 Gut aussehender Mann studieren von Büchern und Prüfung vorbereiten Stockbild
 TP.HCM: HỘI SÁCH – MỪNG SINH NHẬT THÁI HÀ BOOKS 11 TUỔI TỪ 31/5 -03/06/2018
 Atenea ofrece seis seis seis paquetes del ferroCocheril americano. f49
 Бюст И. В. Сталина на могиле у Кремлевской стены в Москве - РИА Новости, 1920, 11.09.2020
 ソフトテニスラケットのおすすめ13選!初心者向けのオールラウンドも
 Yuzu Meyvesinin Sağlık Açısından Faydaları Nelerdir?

------------------------

» WORK ITEM:
Reproduce each entry above character for character.

» FINAL ANSWER:
 Gut aussehender Mann studieren von Büchern und Prüfung vorbereiten Stockbild
 TP.HCM: HỘI SÁCH – MỪNG SINH NHẬT THÁI HÀ BOOKS 11 TUỔI TỪ 31/5 -03/06/2018
 Atenea ofrece seis seis seis paquetes del ferroCocheril americano. f49
 Бюст И. В. Сталина на могиле у Кремлевской стены в Москве - РИА Новости, 1920, 11.09.2020
 ソフトテニスラケットのおすすめ13選!初心者向けのオールラウンドも
 Yuzu Meyvesinin Sağlık Açısından Faydaları Nelerdir?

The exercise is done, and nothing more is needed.